Help - Search - Members - Calendar
Full Version: yikes! how do i manage the search engine filing?
Hostony Board > General Support > General Support
rez
I have a new hostony account for a site. I did a search on this site in yahoo. I can see that the search engines have filed all kinds of stuff from the previous host. individual picture pages from photo galleries, individual pages from calendar.pl., etc. There are a lot of ridiculous things in yahoo for this site! Like direct links to a page that appears to be the frame that is just the navigation. What a mess!! Some stuff, people shouldnt even be looking at.

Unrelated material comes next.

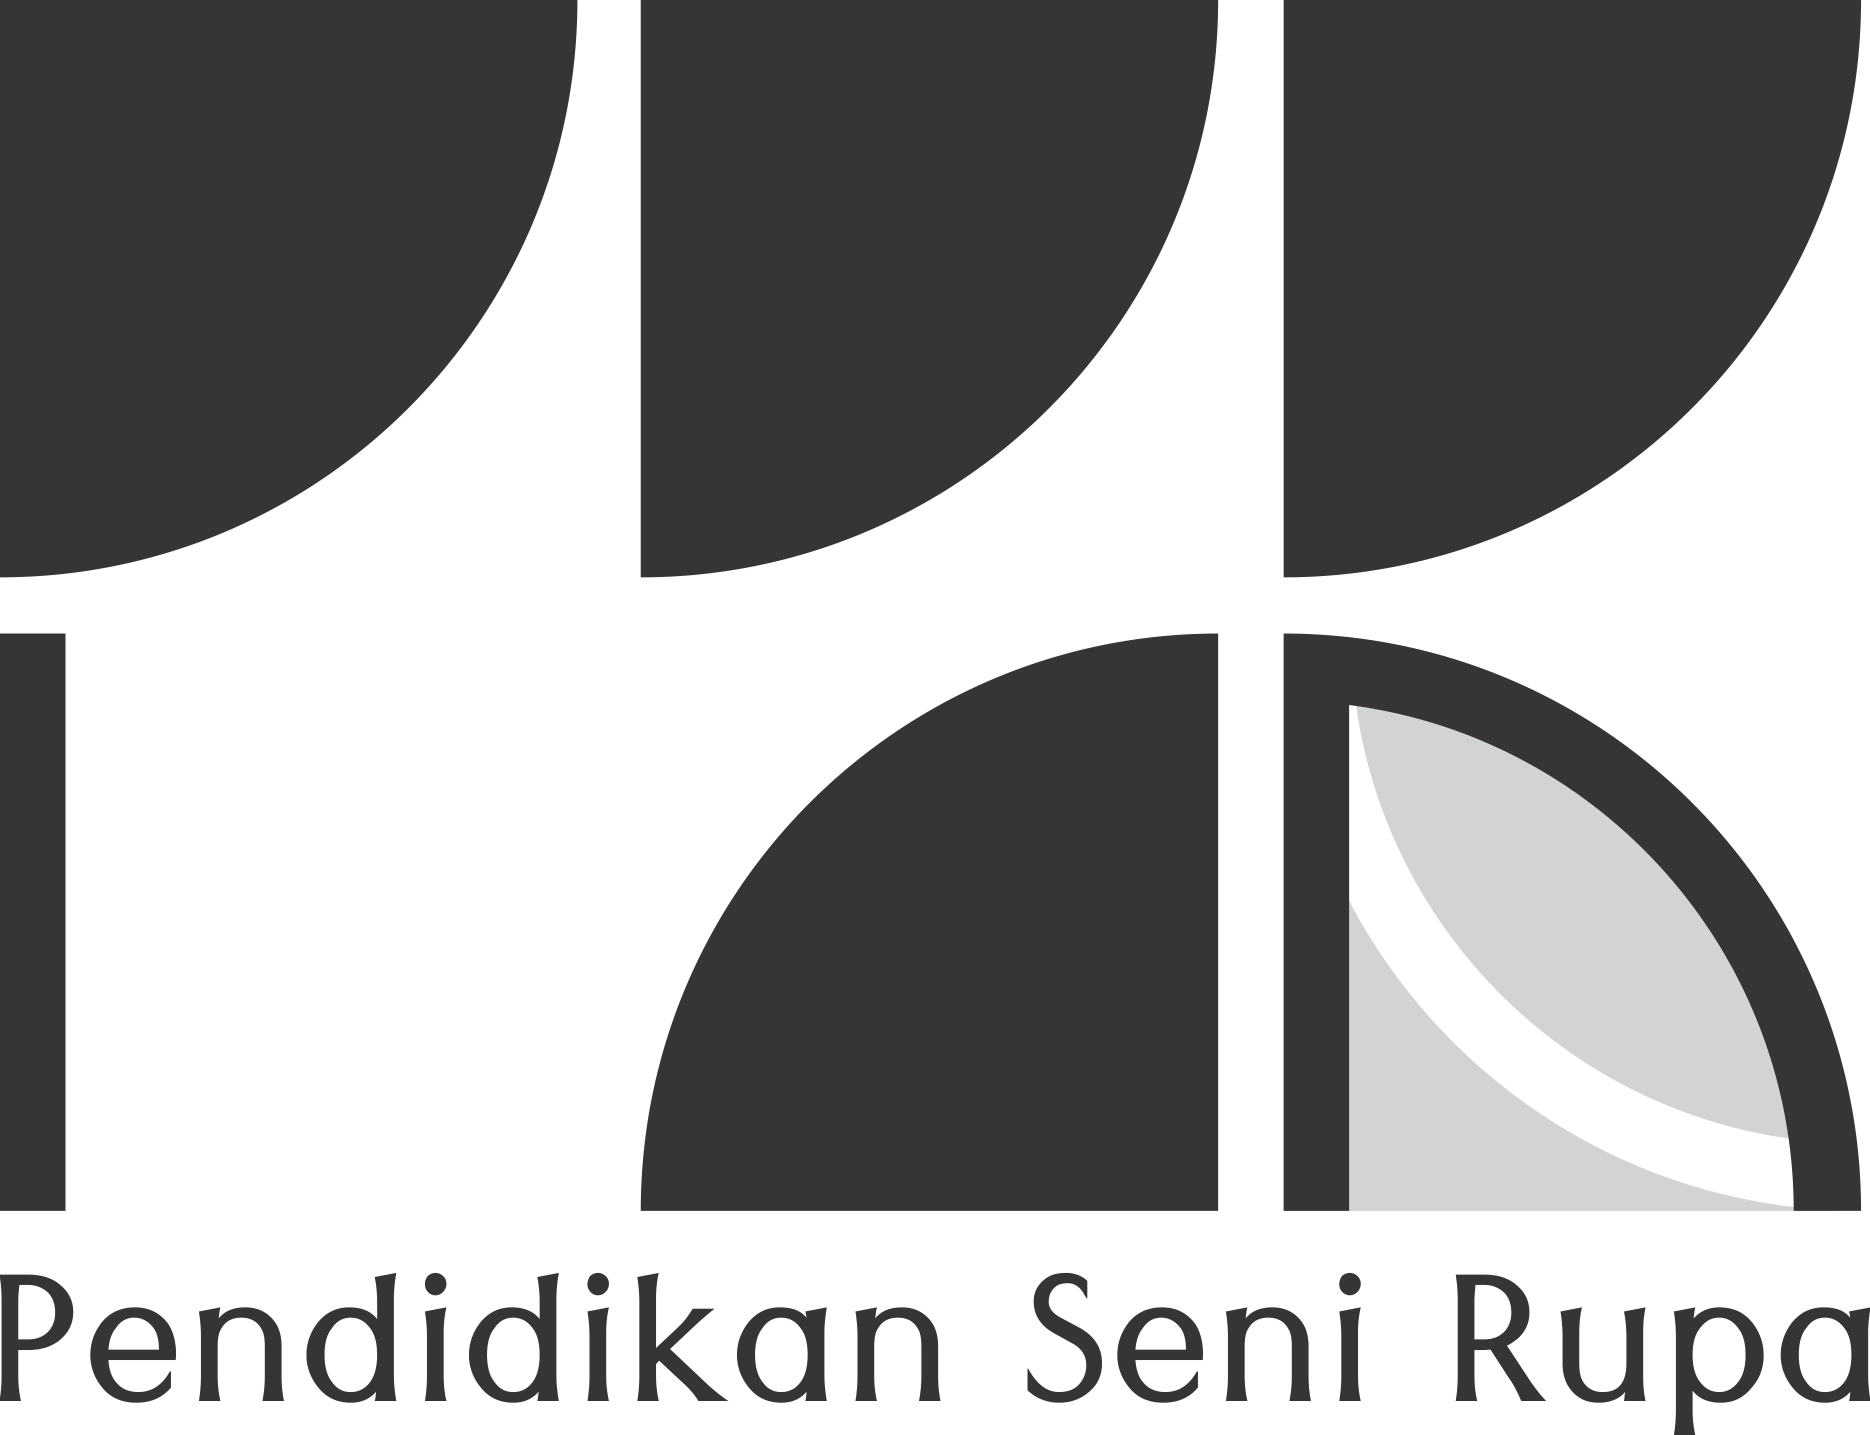 Pendidikan Seni Rupa Universitas Negeri Padang

With this new site, I would like to manage what is listed in the search engines. It would be nice to have the index.htm and maybe a few others show up like the web cam page or forum.

How do I manage what gets filed? I have read about meta tags and how to make use of good keywords. But that only tells me how to increase my chances of getting stuff in the engines. I guess my concern would be how to prevent pages and individual files from filing.

I have heard about a robots.txt. Is that the answer? Or maybe one of the answers? If so, do I just edit the contents? Probably directions somewhere on the web, right?

Any ideas on other info on how to manage this situation and what's causing this problem?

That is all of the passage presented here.